Now the user turns off the machine, possibly in the middle of a running update.

yum-cron should check for a running yum and if one is running block the stop
action until yum is finished. The easiest solution for this would be to write
the yum-cron daily script PID in a file and check for this file and PID in the
yum-cron init stop action. If the file exists and the PID is the yum-cron daily
cron script then it will wait and recheck every few seconds.

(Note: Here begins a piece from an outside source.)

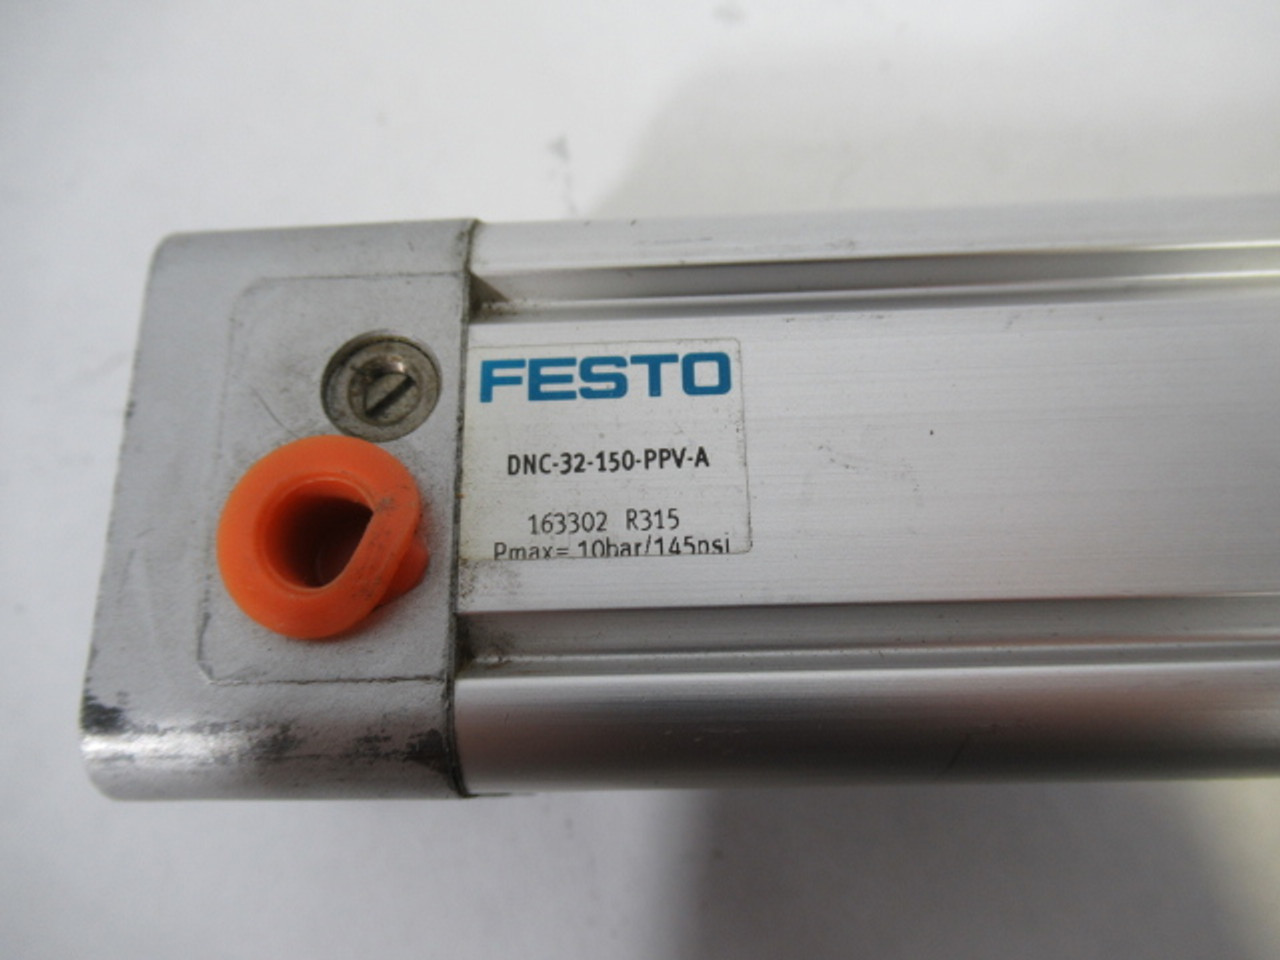 Festo 163302 DNC-32-150-PPV-A Pneumatic Cylinder 32mm Bore 150mm Stroke USED

An informative note
should be printed to the shutdown screen and additionally there should be a trap
that allows cancelling the stop (if it was run on the console).

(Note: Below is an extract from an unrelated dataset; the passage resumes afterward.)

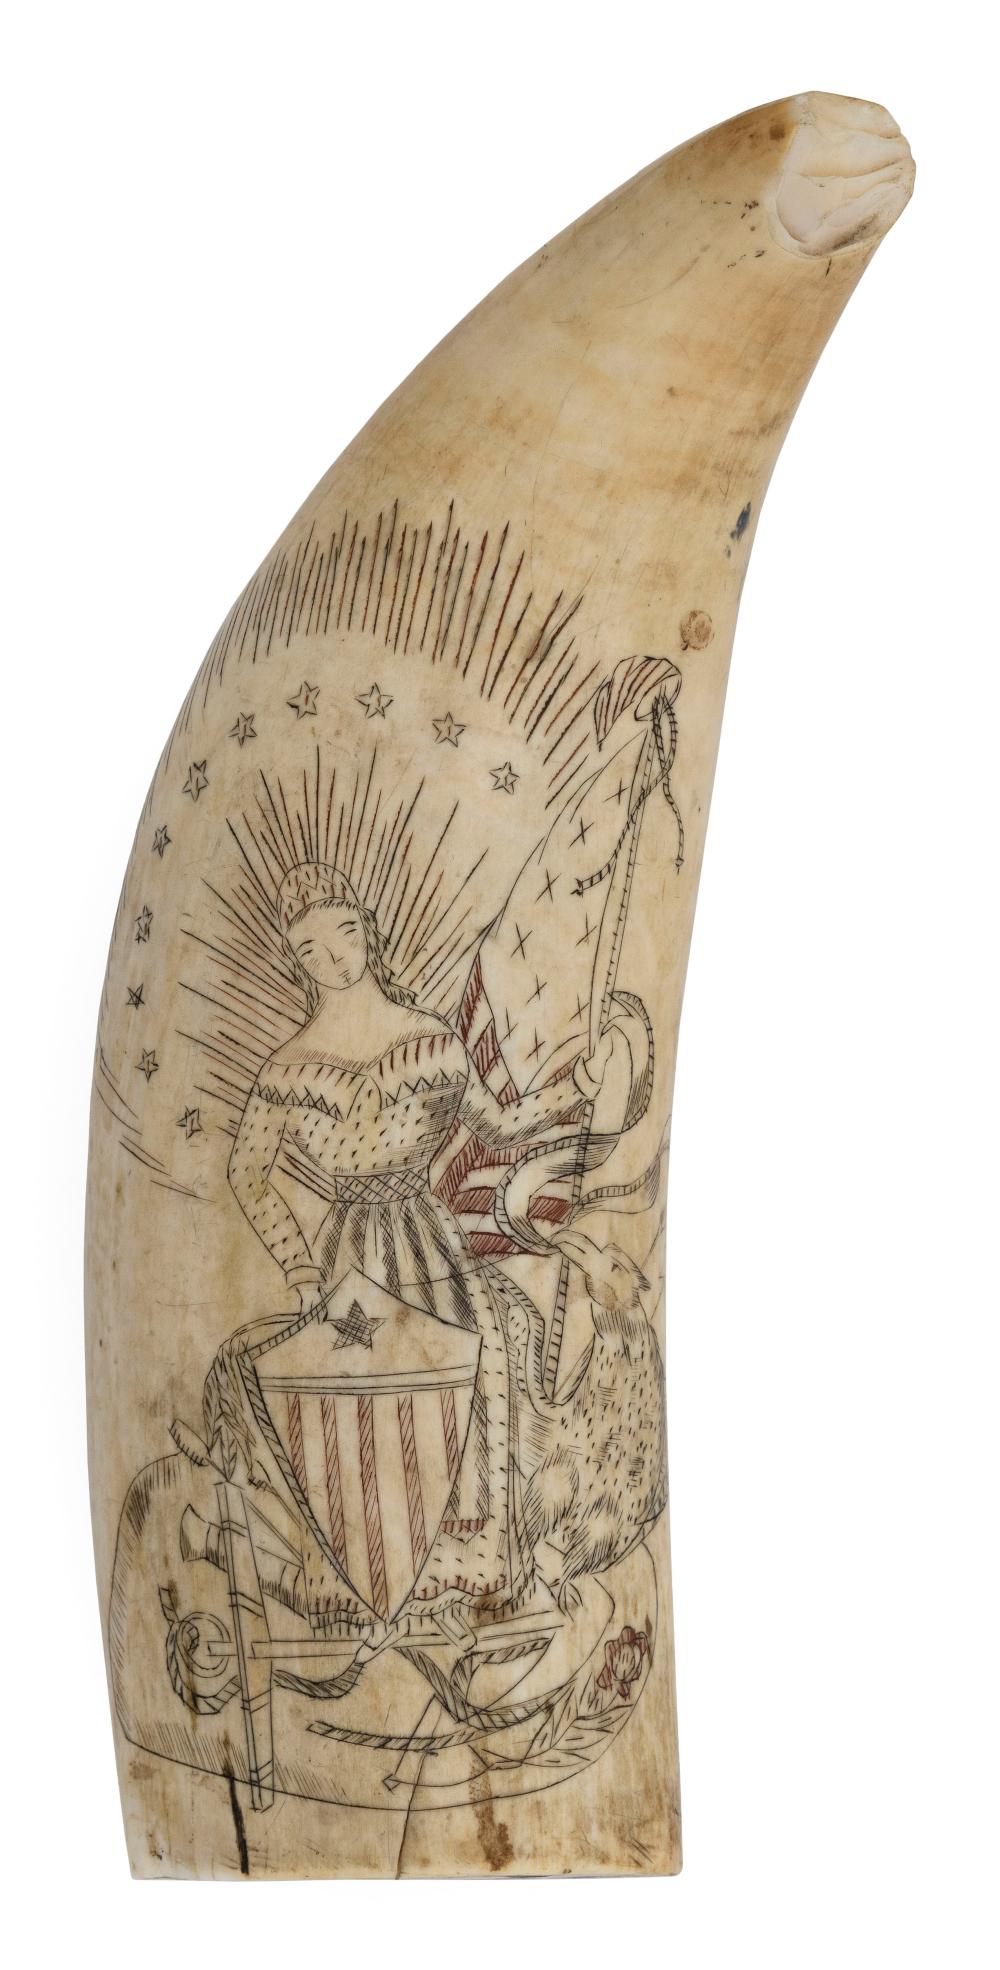 POLYCHROME SCRIMSHAW WHALE S TOOTH 3501a3

Comment 1 Habig, Alec 2008-02-14 17:51:40 UTC
Would be easy enough to code, but here are some big problems:

1) yum has a pid lock even during its (large) random wait before doing the
actual work.  The random wait is so that every machine around the world running
yum-cron around the world doesn't assault the mirrors simultaneously, so is an
important feature we wouldn't want to disable, but waiting hours for a shutdown
is Bad.  One could override it on console, but remotely one could get really
trapped (shutdown also disables logins).

2) Messing with the shutdown scripts is outside the scope of this package. 
That's a core Fedora package, and changes there would have to be made by that
package's owners.  And very carefully thought about to deal with unintended
consequences.  But perhaps there is already a list of Things to Not Shut Down
During  that could be looked at?

The upside would be a way to eliminate instances of rebooting with partial
upgrades in progress, lots of loose files around, perhaps a corrupted rpm
database.  But, in practice I've not seen such problems in many years (and have
clobbered machines in the midst of updates).  I suspect that yum and rpm are now
doing some cleanup when given a SIGTERM by the shutdown script, so that they're
not left in an un-recoverable state.

Since I can't make such a change as part of this package, I'll mark this bug as
CANTFIX.  There are two places it might be addressed, though.  The "sysvinit"
package owns the shutdown scripts.  And some combination of yum and rpm could
address how they handle being sent a SIGTERM by the shutdown scripts.